# Thread: Finding the period (T) of a pendulum on Mars

1. ## Finding the period (T) of a pendulum on Mars

Word Problem: The first astronauts to visit Mars are each allowed to take along some personal items to remind them of home. One astronaut takes along a grandfather clock, which, on earth, has a pendulum that takes 1 second per swing, each swing corresponding to one tick of the clock. When the clock is set up on Mars, will it run fast or slow?

The answer shows you that the clock on Mars will have a slower period on Mars (T = 2.45 sec.) than on Earth (T = 1 sec.). There's a section called "My Work Version #1", where I tried to solve the problem. The formula is pretty basic. Plug in acceleration of gravity (9.8 m/s^2) and the length of the string (1 m). With that approach I got T = 3.26.

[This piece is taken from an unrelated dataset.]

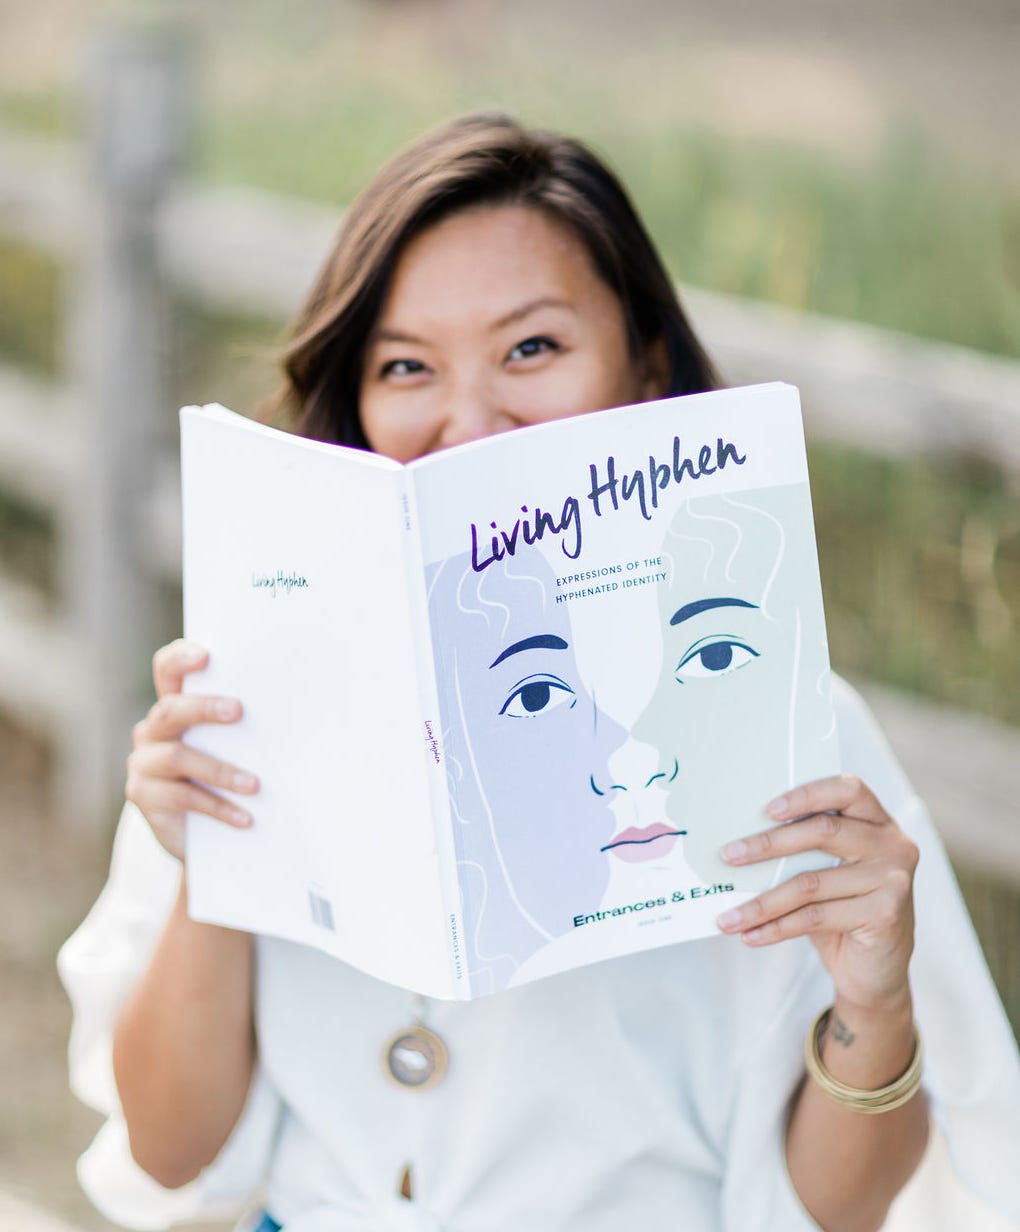 Justine holding up a Living Hyphen magazine up to cover half her face.

On the section called "My Work Version #2", I pretty much set T earth and T mars and tried to solve for T mars. At the end the value that I got under the square root is 0.166/1, but the answer key that they had is 1/0.166.

So the bottom line is, I have no idea how they got the value of 0.166 how they solved for the period, T, of Mars.

2. ## Re: Finding the period (T) of a pendulum on Mars

I don't understand the step "Set each equal to each other and solve for T_mars." If a=b and c=d that does not mean that ab =cd. I think what you were thinking of is that if a=b and c = d then ad = bc. Hence what you should have is:

$T_{mars} 2 \pi \sqrt {L/g} = T_{earth} 2 \pi \sqrt { L/(0.166g)}$

3. ## Re: Finding the period (T) of a pendulum on Mars

Originally Posted by ChipB
I don't understand the step "Set each equal to each other and solve for T_mars." If a=b and c=d that does not mean that ab =cd. I think what you were thinking of is that if a=b and c = d then ad = bc. Hence what you should have is:

$T_{mars} 2 \pi \sqrt {L/g} = T_{earth} 2 \pi \sqrt { L/(0.166g)}$
I don't understand where 0.166 came from? How did they come up with that number?

4. ## Re: Finding the period (T) of a pendulum on Mars

Not sure. If I had to guess, it’s a mistake. I bet whoever came up with the answer using g_mars = 0.166 times g_earth was confused and used the gravitational acceleration of the moon by mistake, instead of Mars. It turns out that g_moon really is 0.166 times g_earth.